Preservation and the future
In this home, four institutions, the Catholic Church, the Muslim faith, Buganda Kingdom and the central government through its tourism board meet.
However, not much has been done to promote its potential tourism potential.

“We want to have this place developed though we don’t have the financial means. For a couple of years now, foreign pilgrims from Nigeria and Tanzania camp here before starting their pilgrimage to Namugongo. Unfortunately we don’t have the facilities to cater for their increasing numbers, they hold overnight masses, they need shelter and the place needs to be improved to get more visitors,” says Namutebi.

The head of the laity at the church, Paul Ssendikadiwa, says despite the difference in faith, there has been a good co-existence between them and their Muslim neighbours.
During the annual celebrations to mark the day Fr Siméon Lourdel and brother Amans arrived, the Muslims celebrate with the Catholics.
They join in for Catholic mass and immediately after, the Imams hold prayers from the same pulpit.

Honouring the family

Vatican visits: During the centenary celebrations in 1979 there were anticipations that the Pope was to attend but instead he sent a representative. After the celebrations, the papal emissary while on his way to Entebbe, made a courtesy call at Amir Sekikkubo’s home.
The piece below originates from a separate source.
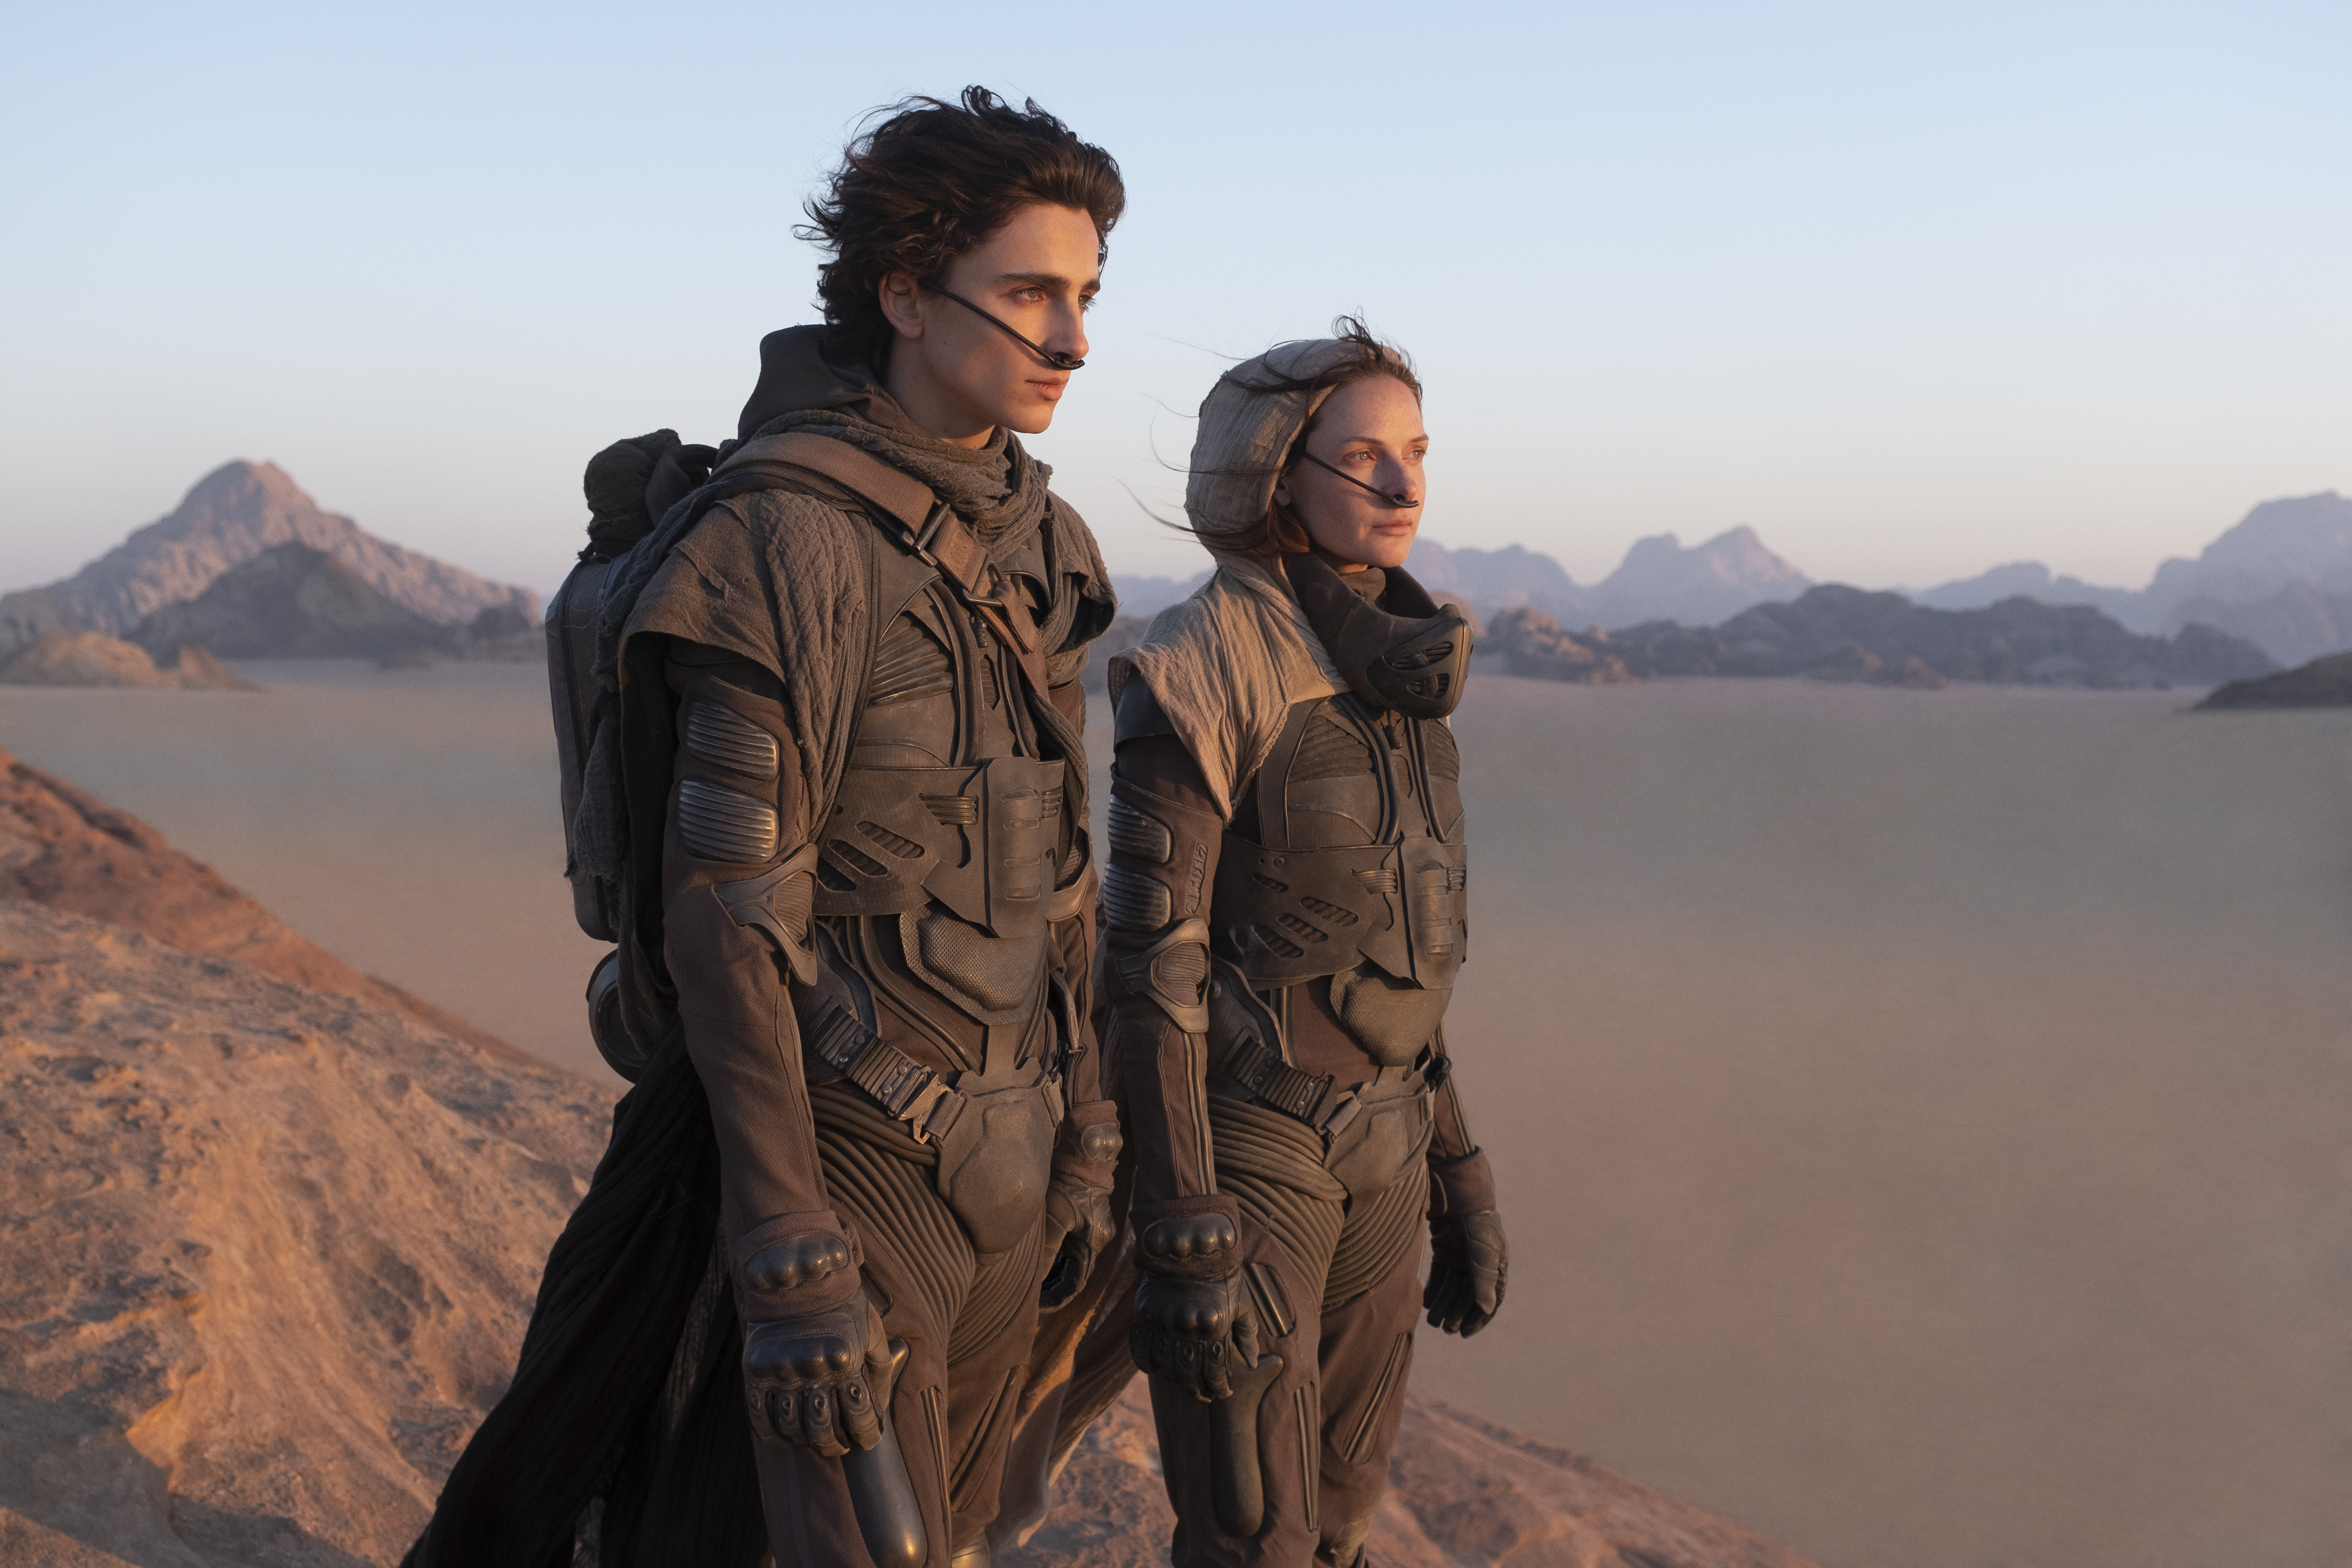 Denis Villeneuves versjon av science fiction-klassikeren «Dune» kommer på kino i september. Samme regissør har også spin off-serien «Dune: The Sisterhood» på gang. Han er også med på TV-dramatiseringen av Jo Nesbøs «Sønnen» som skal komme på HBO Max.
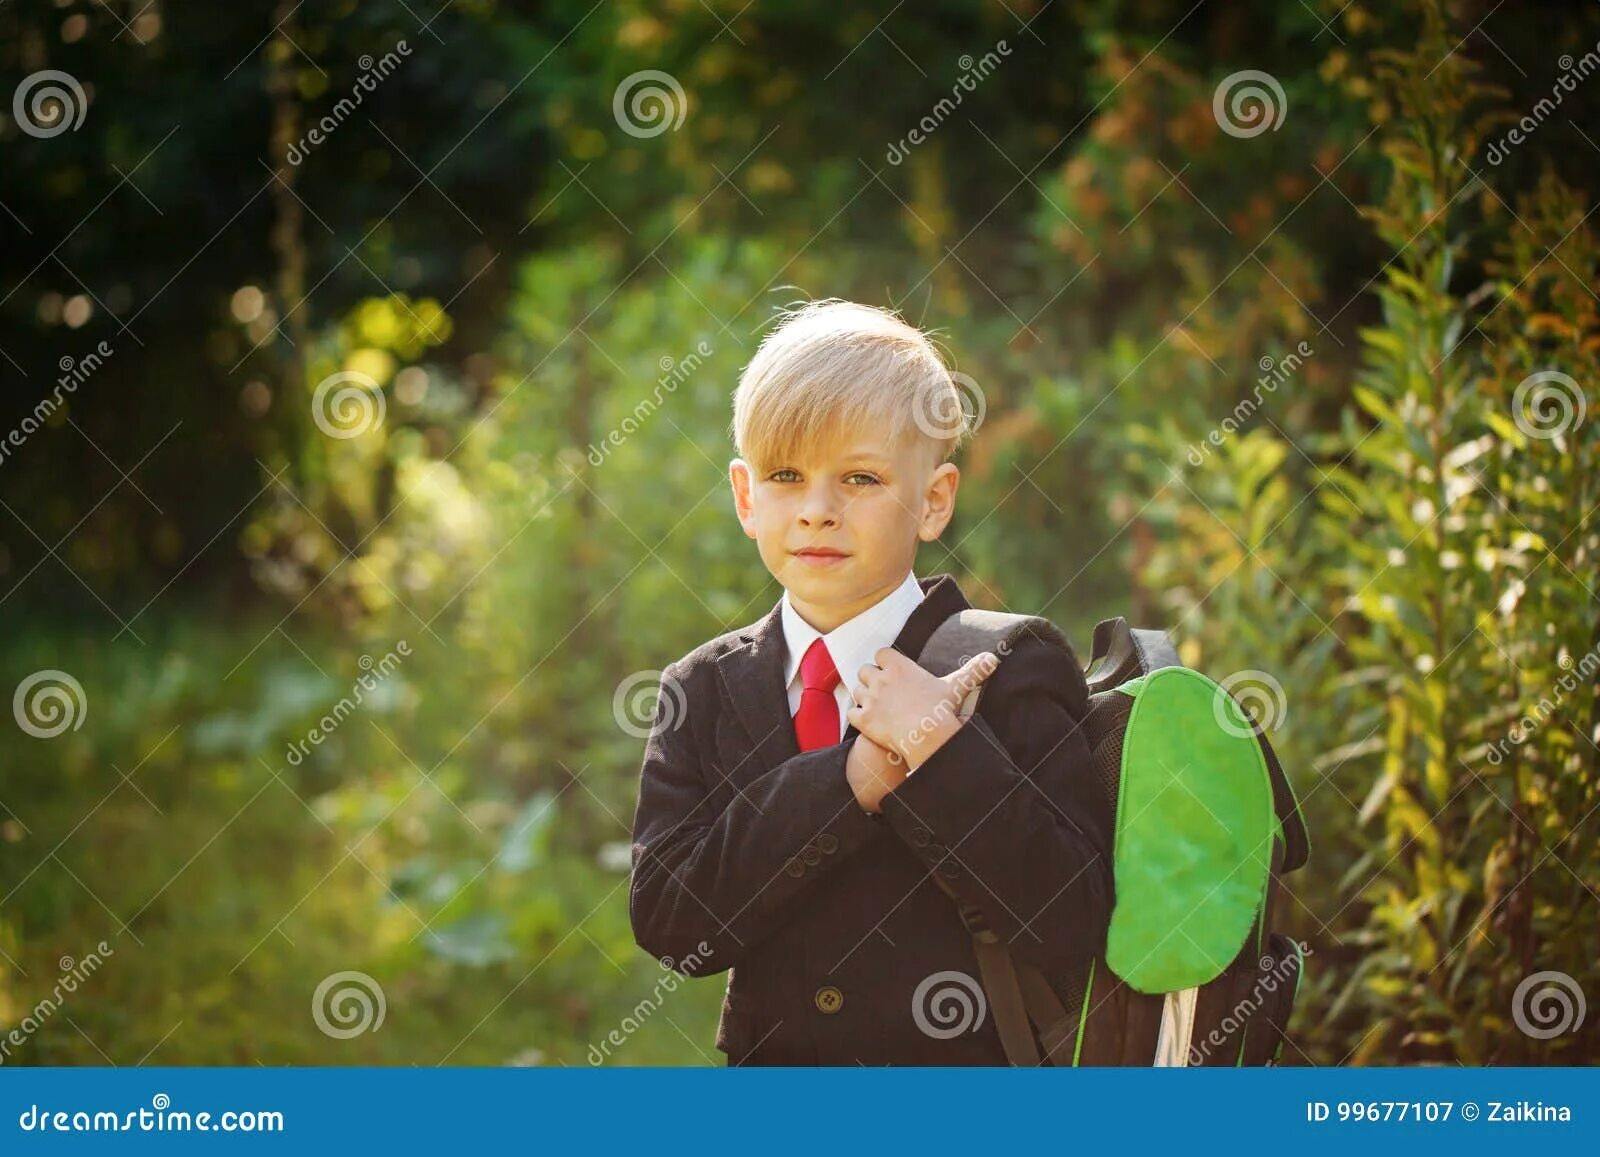 Мальчик идет. Белобрысый мальчик в школе. Мальчик возвращается со школы. Рыжий мальчик идет в школу фото.

Among other religious visitors to the place included relatives of Fr Siméon Lourdel and other high-ranking Catholic Church dignitaries to the country.

Cardinal builds a mosque: Archbishop Emmanuel Nsubuga became a Cardinal in 1976 and reciprocated Sekikkubo’s generosity by building a mosque to honour his selflessness.
“In 1980, Emmanuel Cardinal Nsubuga built the mosque for the family of Amir Sekikkubo in memory of my grandfather, and it is still standing because the public is also using it,” the granddaughter recollects.